Politics

When Trump Calls a Black Woman ‘Angry,’ He Feeds This Racist Trope


Serena Williams also did not directly address the stereotype in 2018, when an Australian cartoonist drew global ire by depicting her, with exaggerated features, as throwing a tantrum on the court. Ms. Williams was fresh off her loss to Naomi Osaka at the U.S. Open, where she had heated words with an umpire. She did note, when criticism surfaced of her remarks, that she had only complained in a way that white male players have been doing, with impunity, for decades.

In her book “Becoming” and in 2016 interviews with Oprah Winfrey and others, Michelle Obama described how hurt and bewildered she was after being portrayed as an angry Black woman during President Obama’s first presidential campaign.

“That’s the first blowback, because you think, Wow, that is so not me,” she told Ms. Winfrey. “But then you sort of think, Well, this isn’t about me. This is about the people who write it. And then you start thinking, Oh wow, we are so afraid of each other.”

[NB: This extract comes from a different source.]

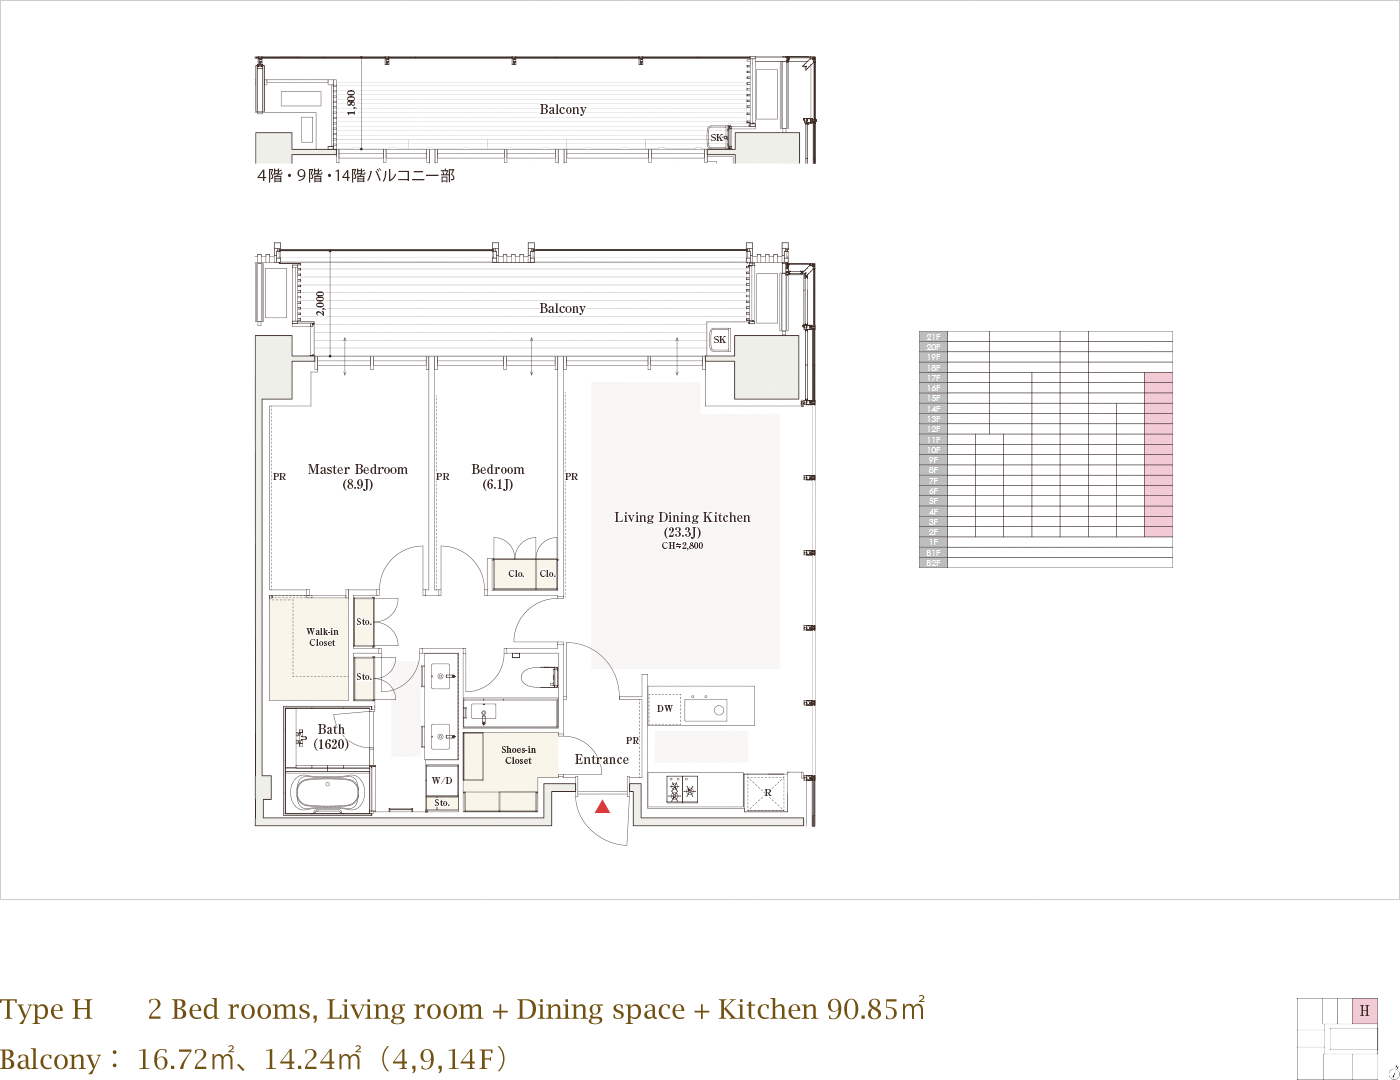 Type H 2 Bed rooms, Living room + Dining space + Kitchen 90.85m² Balcony 16.72m²,14.24m²(4F,9F,14F)

Though the exact origins of the trope are not clear, scholars believe the concept sprang from the post-bellum South, an outgrowth of the mammy archetype — a strong, desexualized authority figure that ruled households assertively. “In some cases that sassiness kind of borders on anger,” said David Pilgrim, a sociologist and the founder of the Jim Crow Museum, a compendium of racist memorabilia housed at Ferris State University, where he is vice president for diversity and inclusion.

The stereotype has been promoted on film and television since at least the 1950s, with the TV arrival of “The Amos ’n’ Andy Show” and the character Sapphire Stevens, played by Ernestine Wade. She was the emasculating and relentlessly volatile foil of her husband, Kingfish. Both characters were written largely by white men.

The character type was replicated on other television series (the dominating Aunt Esther in “Sanford and Son,” the glowering Pam James on “Martin”) and in films (Terri, the fiery female cutter in “Barbershop”), until “Sapphire” became its own category. It’s the woman with the smacking retort, the flip side of categorizing Black men as overwhelmingly physically threatening, except when they are at the mercy of their Sapphires.